I want to punch Fruit punch in the face.
And then spit on it as it lies on the ground all sprawled out.
And it better tell any bad thing that my body is on the rampage.
I want to take a French fry and squeeze it all up in my hands and make it mashed potatoes!
I know that French fries never stand alone,
so all of its little homies will try to rush up on me,
hoping that I will break down and eat them instead of smashing them,
so trust me, I’ll come prepared.
I’m about to go 187 on an undercover potato!
I’ll be ready for all his cousins,
the Potato chip click, the Cheeto mafia, and the Frito family.
I'll look that little scrawny punk fry right in the eye and say,
“ Look, Mr.! Call your all little bambinos for help, only if you want to see them die!!
I’m gonna hurt those no good for nothing fries so bad that I might cry!”
I don’t want to see your face around here anymore.
No longer are you going to be coming in my house
And staying for three or four days unwanted
Messing up my cholesterol, giving me heartache,
And then dozing off in my stomach!
I’ve been sleeping with the enemy!
My mouth door is locked…and the only thing allowed in is fruits and veggies.
I want to take fried chicken and break each of its legs,
until he begs for mercy.

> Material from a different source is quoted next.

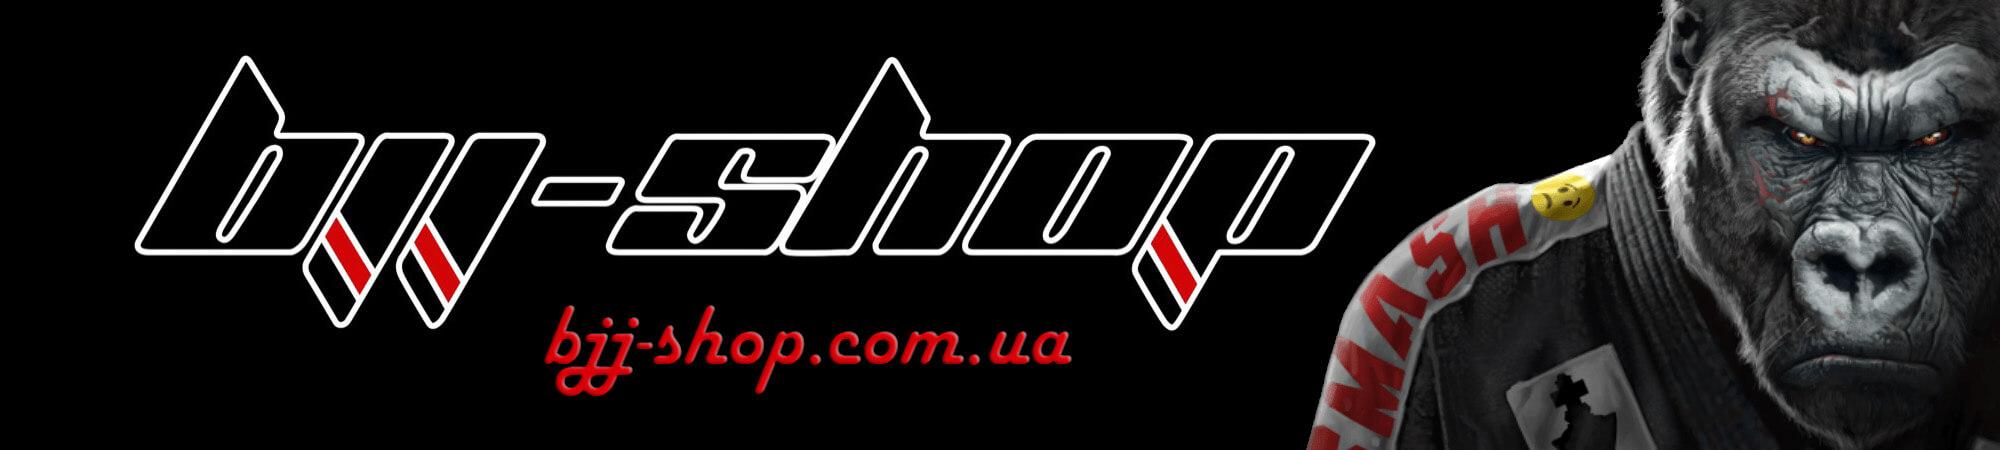 Інтернет-магазин http://bjj-shop.com.ua/
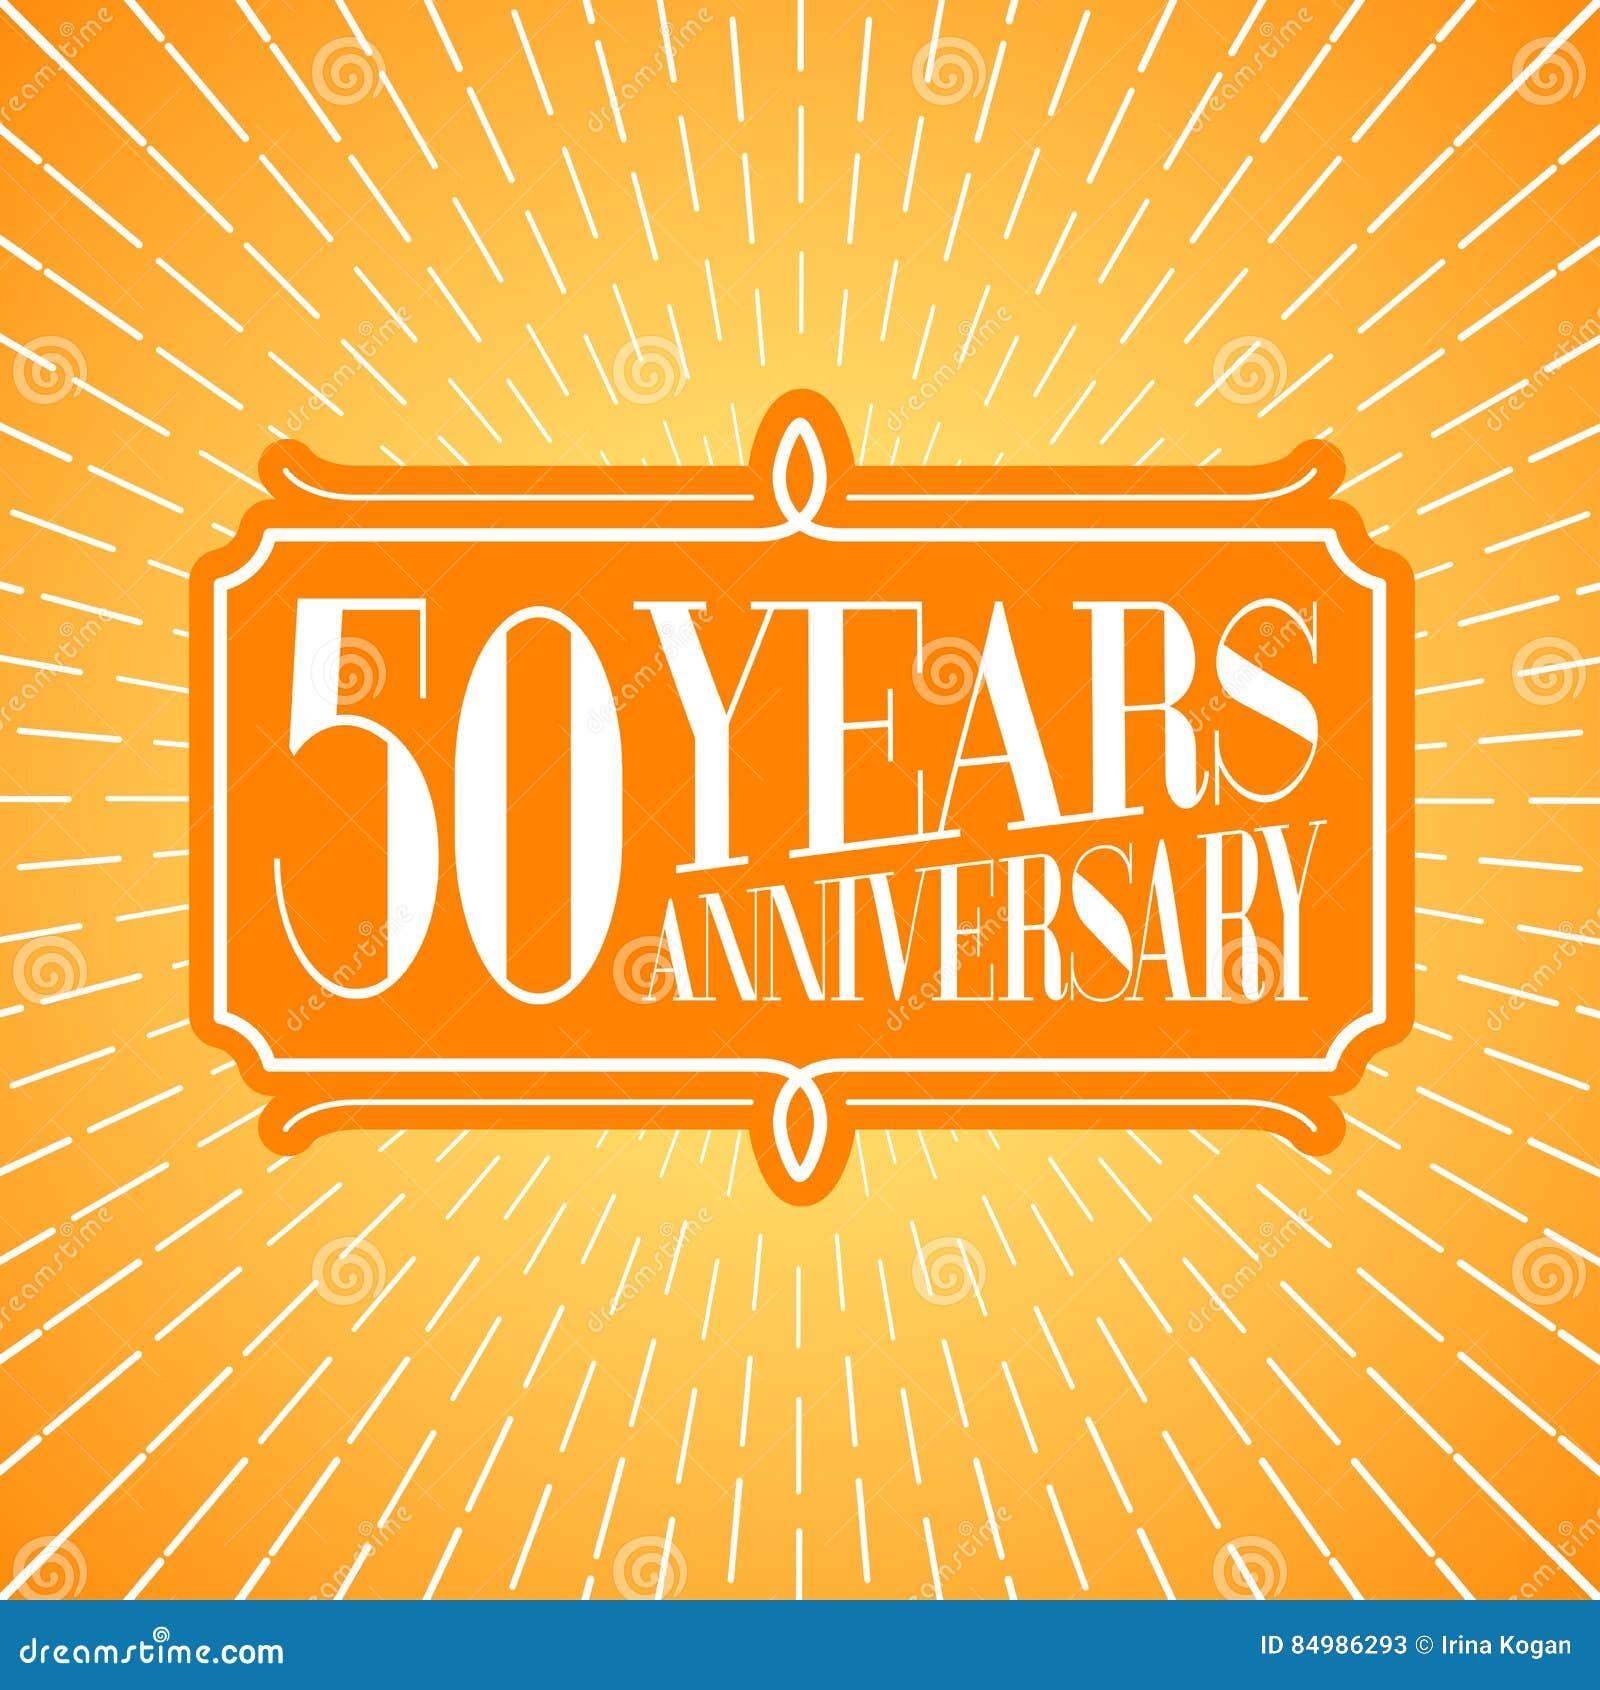 50 Years Anniversary Vector Icon Logo

I want to rip its thighs into pieces,
And then throw them in the nearest garbage disposal,
And dare that punk to say something about it,
I’m about to get ghetto with my butt whippings.
Get gangster on that fool if he tries to loc up,
Kick it‘s breast, for trying to perpetrate that it‘s healthy.
I’m ready to break Fried Chicken’s neck, so, he’ll never cluck again,
never see the light of day again, payback for all the pain he’s caused,
for all the high blood pressure in my family,
for the death of my daddy and both of my granddaddies.
Not too mention all of the people that have been addicted!
This payback is a mother beeep, and I ain’t about to curse, yet!
But, I’m about to shoot you like a cursin’ gangster!
Drag you through the mud after I tie you up to the back of the car,
ride through town, let all the little chicken heads see
what I’m about to do to all fried chicken
, if I catch them anywhere near me or my family.
I’m living for my child now, and somehow,
Fried foods no longer fit in my picture.
So, if I see you on my plate, I’m gonna get ya’!
I want to kill Donuts, Reese’s, and Apple pies,
anyone in the Sweets family, better not come near me!!
Respect me…nah, better yet, fear me!!!
My family is too dear to me.
I will protect them at any cost,
I’ll beat a Reese’s down, cause I ain’t the one!
Scrape off the chocolate skin and leave it to melt in the sun.
Then I will take the peanut butter part and stick it to the bottom my shoes.
So that every time I walk, I’ll be stepping on it!
I’ll put 6 bullets in a donut, make it die fast!
I’m putting ya’ll on blast, you will not last when I put my wrath on ya’!
I want to stab Apple Pies until it bleeds Apple Juice!
Stab a hot dog in the face rather than shove it down mine.
I’m running out of time.
I should have done this a long time ago,
I’m getting gangster with my food,
have all unhealthy things riding home in a hearse
Bad food is a curse, but I am about to shatter it,
As I break down the enemy piece by piece!